Fluffy dandelion seeds are so light that by applying one small wisp of air we can send them into disarray. Now researchers have invented a new ultralight material--the lightest in the world--where an entire structure made out of it balances on a dandelion head without crushing a single seed.
Scientists at UC Irvine, HRL laboratories, have dubbed their invention ultralight metallic microlattice, which they claim is 100 times lighter than Styrofoam. In the Nov.18 issue of Science, the researchers explain that their structure, which falls as lightly as a feather, consists of 99.99 percent of air. The remaining 0.01 solids that remain are the microlattice tubes that make up the cellular architecture.
The trick is to fabricate a lattice of interconnected hollow tubes with a wall thickness 1,000 times thinner than a human hair, said lead author Dr. Tobias Schaedler of HRL.
This particular structure consists of 90 per cent nickel, but according to the researchers it can be made out of other substances as well. The architecture of the material allowed an unprecedented behavioral pattern for the metal resulting in extraordinarily high-energy absorption, but according to a UCI engineer, Lorenzo Valdevit, materials actually get stronger when reduced to nanoscale.

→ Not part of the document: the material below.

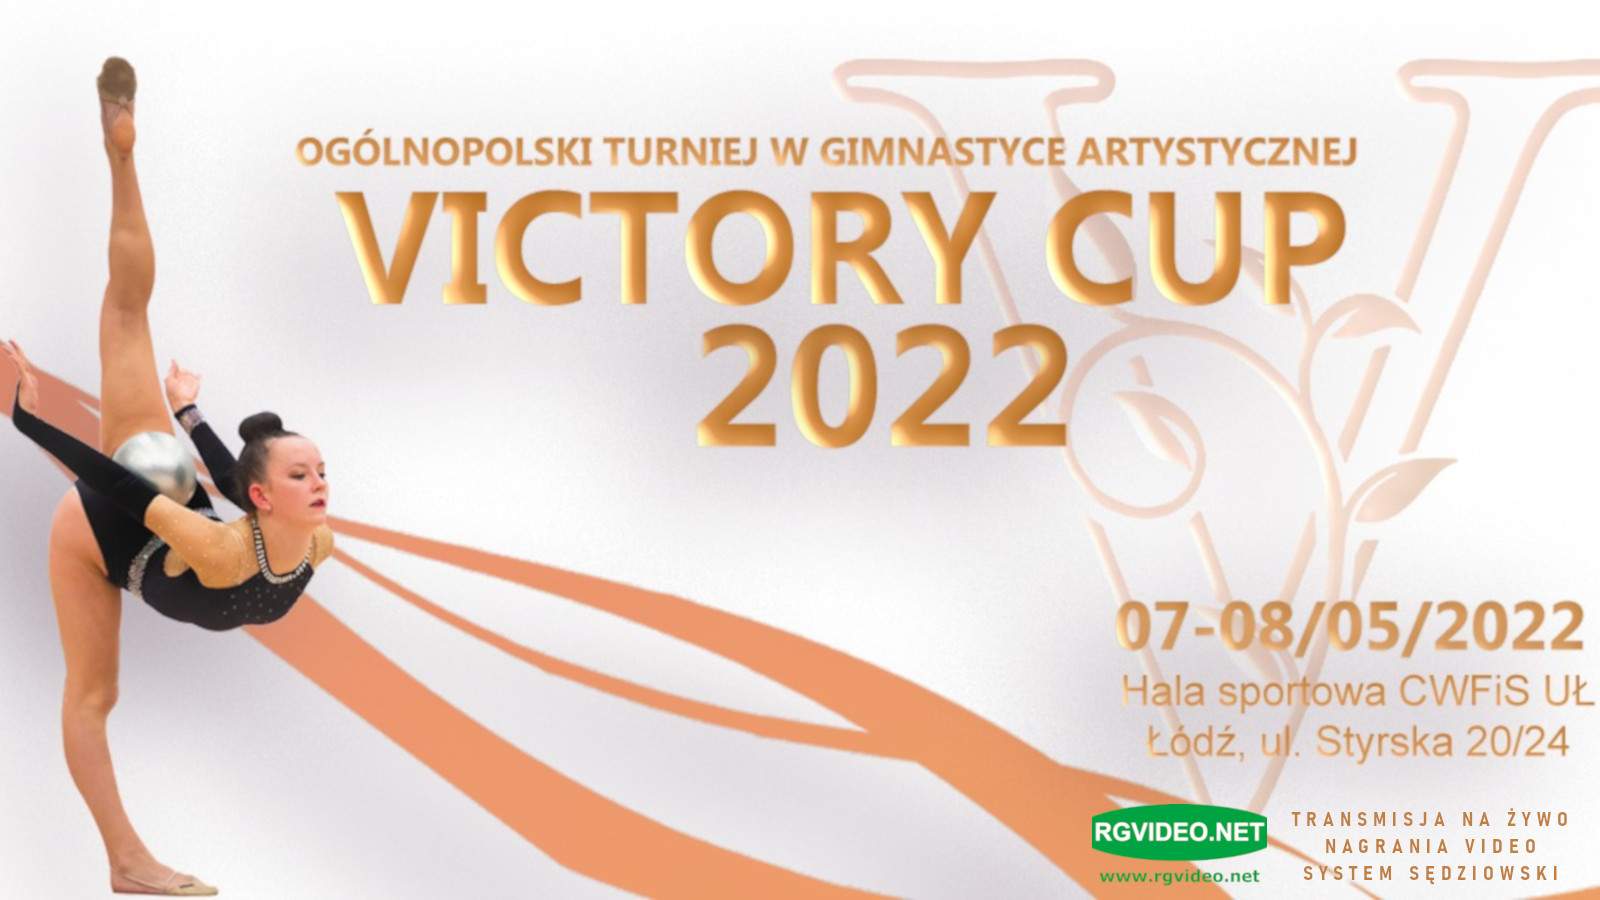 VICTORY CUP 2022 - OGOLNOPOLSKI TURNIEJ W GIMNASTYCE ARTYSTYCZNEJ
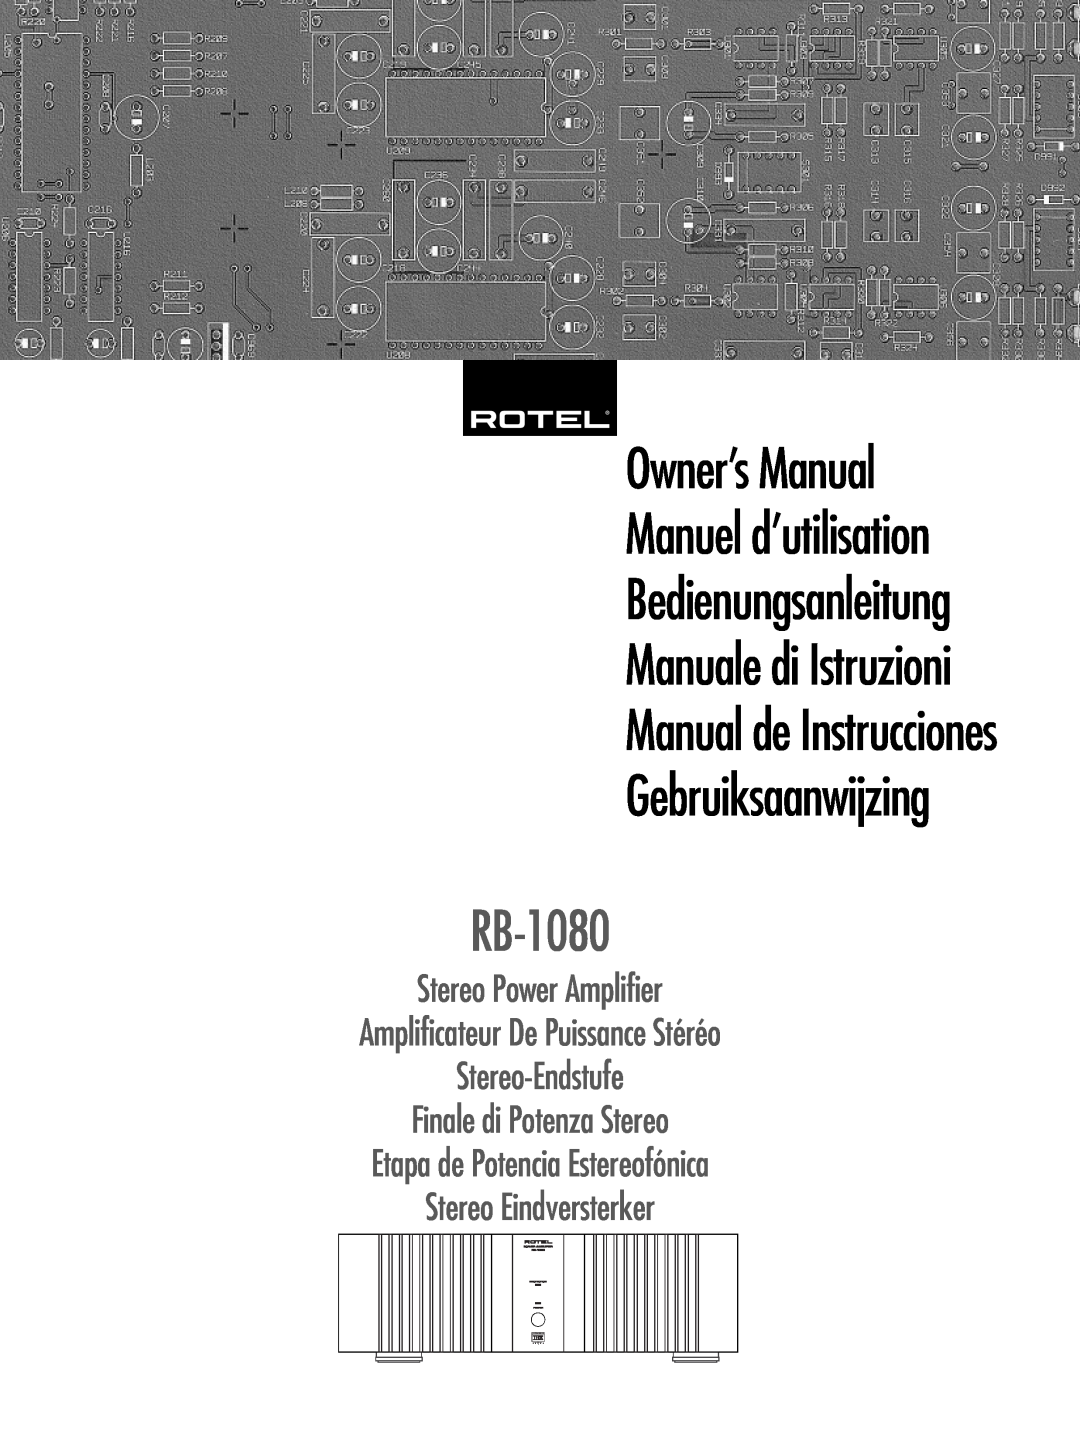 Rotel RMB-1080 owner manual Manual de Instrucciones, RB-1080, Gebruiksaanwijzing, Manuale di Istruzioni

Picture the Eiffel Tower or the Golden Gate Bridge, but on a nano and micro sale. These buildings are incredibly light and weight-efficient by virtue of their architecture, according to William Carter, manager of the architected material group at HRL. We are revolutionizing lightweight material by bringing this concept to the nano scale, he said.
Researchers, who developed the structure for the Defense Advanced Research Projects Agency, say that the material could be used for battery electrodes and acoustic vibration or shock energy absorption.